Jade Short 14th March 2022

How the Data Protection Act affects schools

As an education provider, you have a responsibility to protect your students, staff and school. But the responsibility isn’t just with protecting the physical form – it also comes down to the protection of any information or data you hold...

The DPA 1998 states that:

“Anyone processing personal data must comply with the eight enforceable principles of good practice.”

Not familiar with the principles? We’ve outlined them below for you:

Used fairly and lawfully
Used for limited, specifically stated purposes
Used in a way that’s adequate, relevant and not excessive
Accurate
Kept for no longer than is absolutely necessary
Handled accordingly to people’s data protection rights
Kept safe and secure
Not transferred outside the UK without adequate provision
You can find out more about these in the ICO’s guidance.

Educational establishments, by their very nature, store tonnes of data. That data can be anything – student exam results, lesson plans, medical history, home addresses, contact details.
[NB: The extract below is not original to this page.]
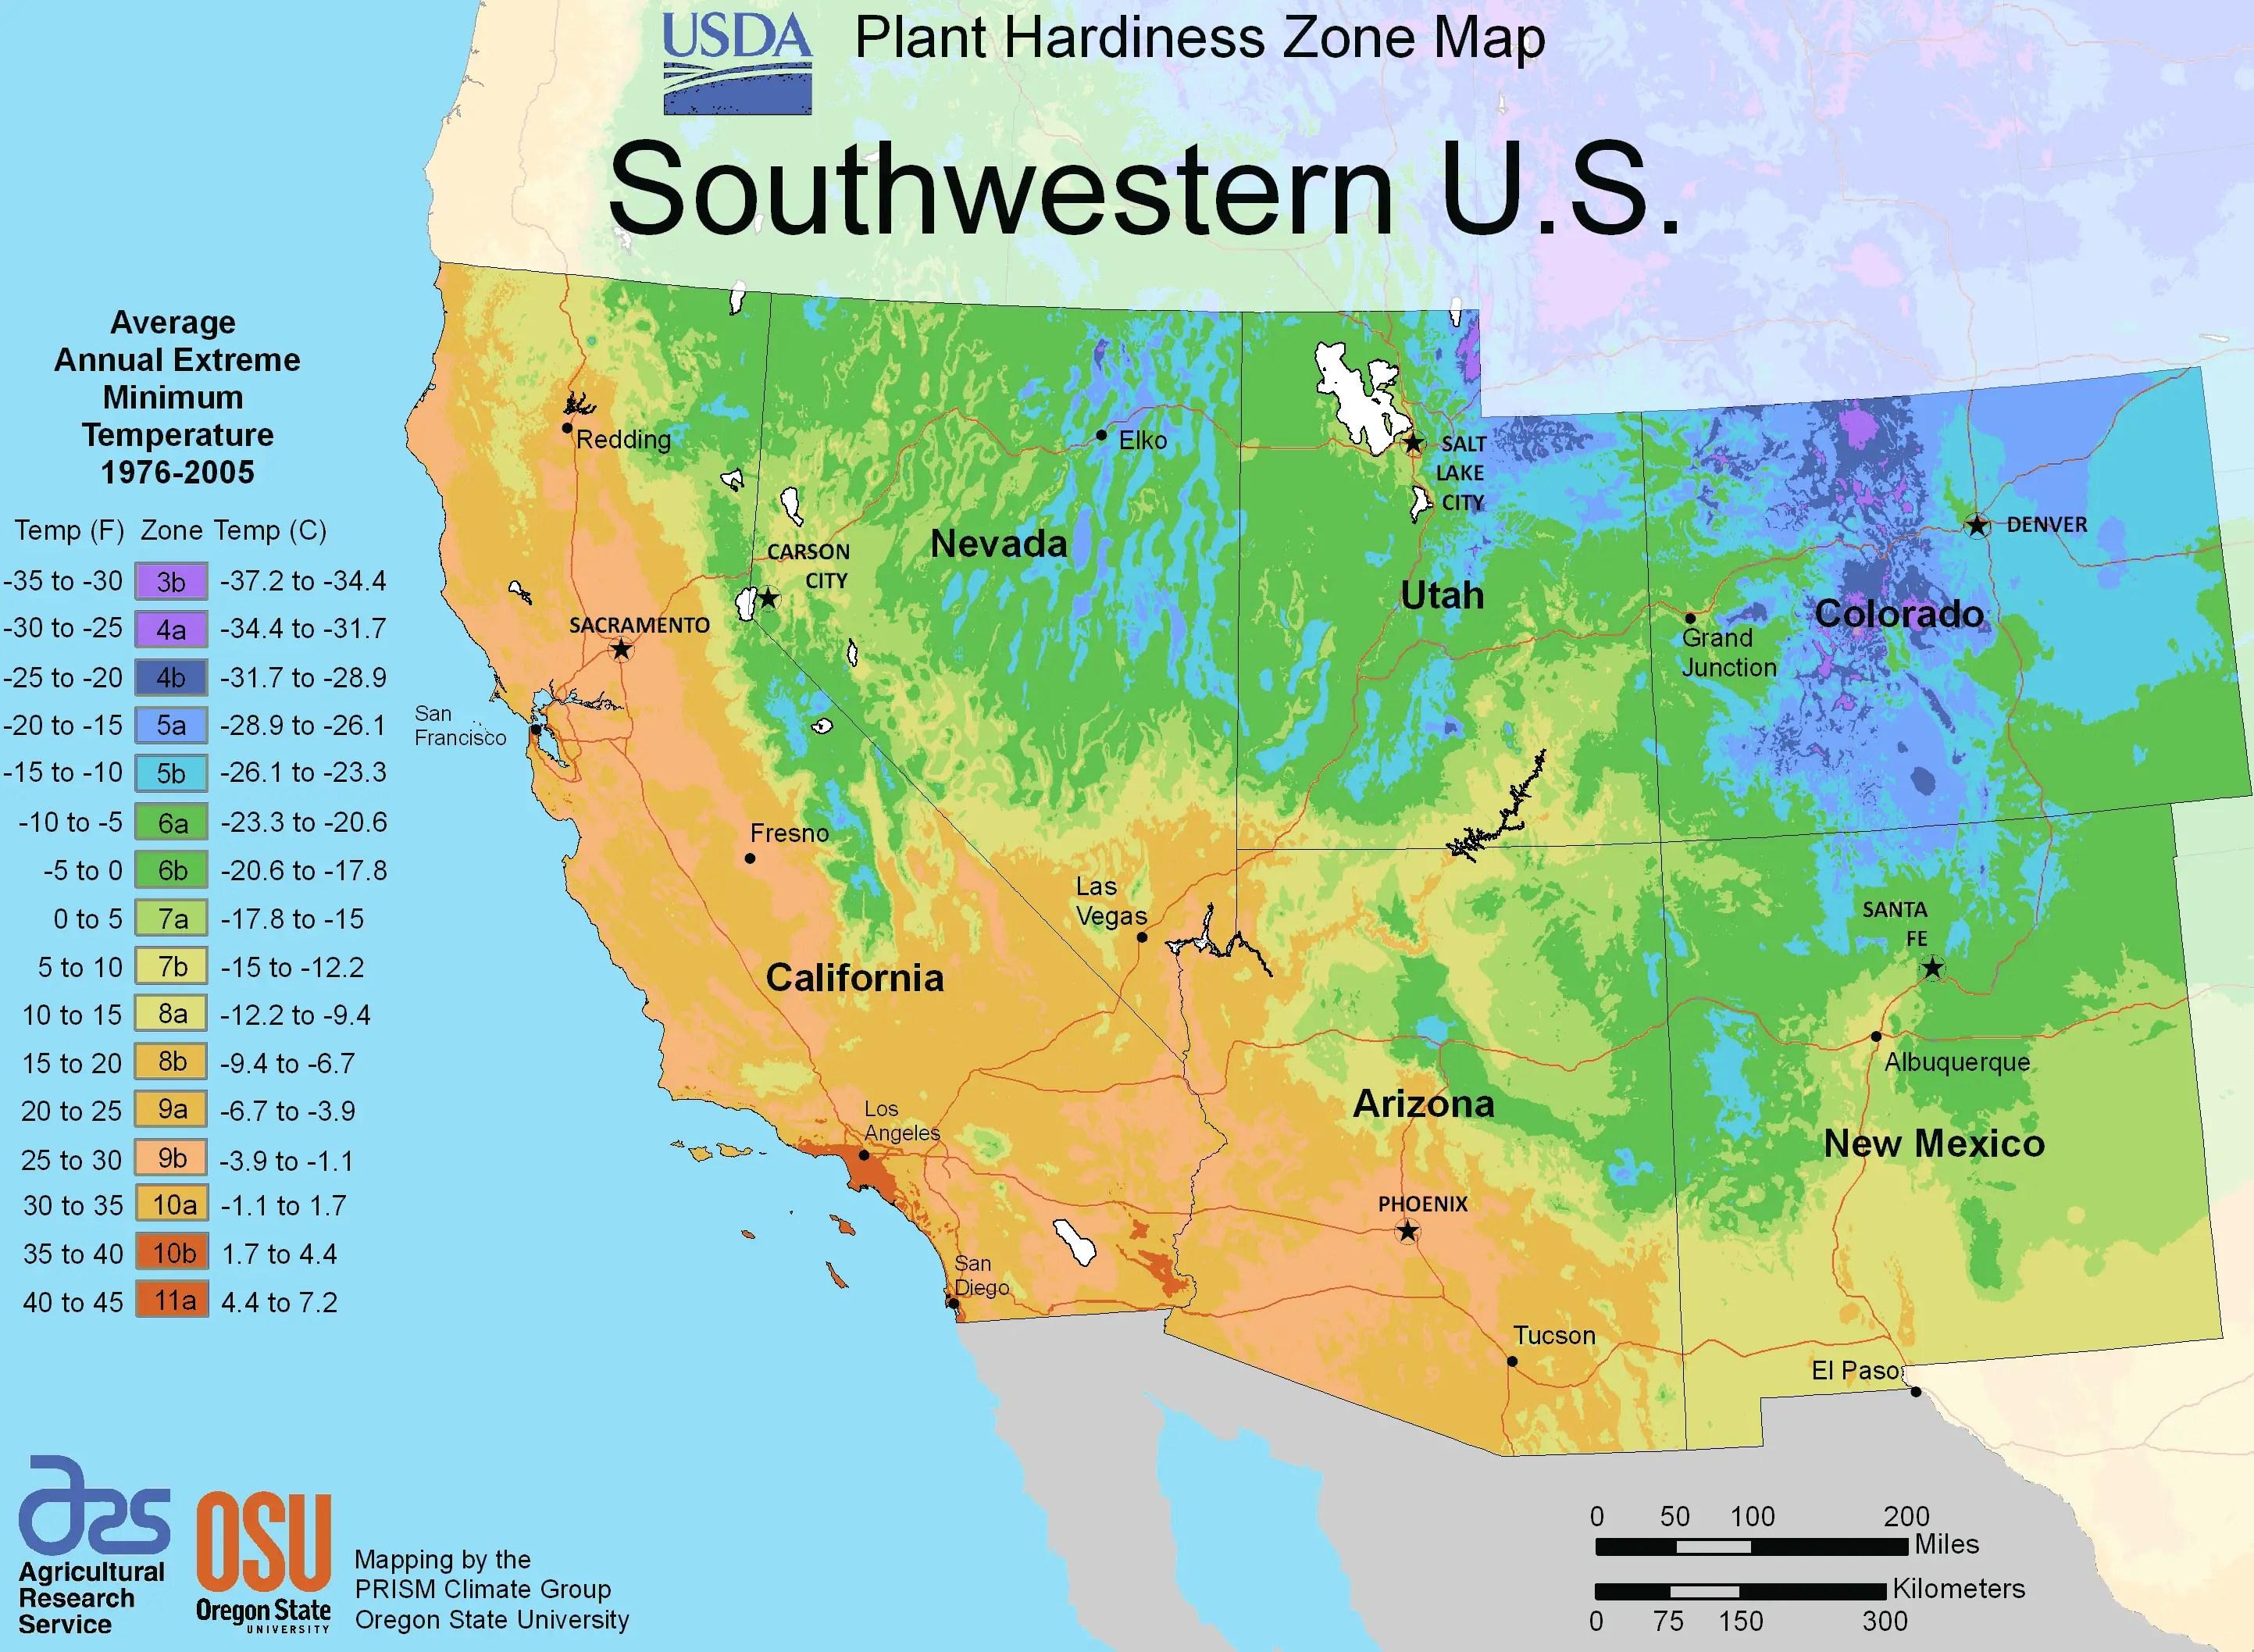 South West Us Plant Hardiness Zone Map Mapsof

The list is endless.

As a holder of such information, under the DPA it’s your legal obligation to ensure that this data is protected.

Whilst there will be a change in legislation when the GDPR comes into force in 2018 – the Data Protection Act is still in the here and now and you should be doing all you can to ensure you remain compliant.

For me, there are two major questions that unfold from this:

Exactly how does the Data Protection Act affect schools?
What measures need to be in place to remain compliant?

Having done a bit of digging round – this is what I’ve found:

How does the Data Protection Act affect schools?

This one’s easy.

First off, failure to comply with legislation can see fines of up to £500,000 imposed by the ICO.

Second, your Ofsted rating can be severely impacted. Over the last few years in particular, Ofsted have really started to come down heavy on any educational establishment that doesn’t have the right policies in place. So much so, we’ve seen school ratings drop from Outstanding to Special Measures because they haven’t followed the right practices.

In a world where you’re competing with other schools for the intake of pupils each year – nobody wants to be dragged down into Special Measures (or even face fines of up to £500,000) because there wasn’t a clear policy in place.

How do you ensure you remain compliant?

Policies & Procedures

Under Ofsted and ICO regulation, all education providers must have adequate policies and procedures in place.

Such policies typically include:

E-safety
Data protection
Acceptable use
BYOD

Having these policies in place will ensure that staff are aware of what to do, how to use technology both inside and outside of school and understand the implications involved with non-compliance.

Policies and procedures must be made readily available – not only for staff but for parents and students too. Because after all they’re entitled to know what information you’re holding about them as well.

Training

It’s all well and good having these practices in place. But if staff aren’t fully aware of them or how to put them into effect then it’s going to be pretty useless!

So, best practice would be to provide ample training on the policies you have in place. This training should be continual – so if there’s ever any changes, your staff are up to speed with everything that’s going on and have no excuses for non-compliance.

As a Data Controller it’s up to you to ensure that everything your teachers do is in-line with your school policies for the protection of not only themselves but your students too.

It’s also good practice to make your students aware of regulations relating to data protection and e-safety. First off – as we mentioned earlier – they have a right to know what data is stored about them and secondly it’s also part of the curriculum!

Security

It goes without saying that technology plays a huge role within education. Whilst this is great, you need to make sure that the technology you’re using and the way you’re using it doesn’t breech DPA legislation.

Be it BYOD, e-mail systems or general use of the internet to help students with their tasks – you must have security measures in place to ensure that a) you’re complying with the DPA, Ofsted and the ICO and b) your students (and data) don’t come to any harm.

Such security measures could be:

Using an approved email service within school (i.e. not personal Gmail or Hotmail accounts)
Set boundaries of use for BYOD provision (i.e. through an Acceptable Use policy)
Firewalls
Encryption

IT Asset Disposal

When it comes to that time to refresh your IT estate, what you do with your redundant, end of life hardware is something you need to consider carefully.

There are far too many ‘cowboys’ (or white van men as we like to call them!) out there who offer a safe and secure service but actually deliver nothing but problems and ultimately non-compliance with the Data Protection Act.

Making sure you’re choosing the right partner to work with when it comes to IT asset disposal is key.

Working with an accredited Data Processor will ensure that any end-of-life data bearing equipment is disposed of and destroyed in a safe, secure and compliant way. These partners will also ensure there’s a legally binding contract or SLA in place to determine the formal processes involved. This provides complete traceability of what’s happened to your tech and accountability should anything go wrong.

There are many IT asset disposal partners out there who can help, who hold accreditations such as ADISA with Distinction, Blancco, ISO 27001 etc., so that you can be safe in the knowledge that your assets and data are in good hands.

There’s no doubt about it that the main force behind data protection and data security is the Data Controller.

Ofsted and the ICO come down pretty heavy on any education provider who doesn’t follow legislation – make sure you’re not one of them.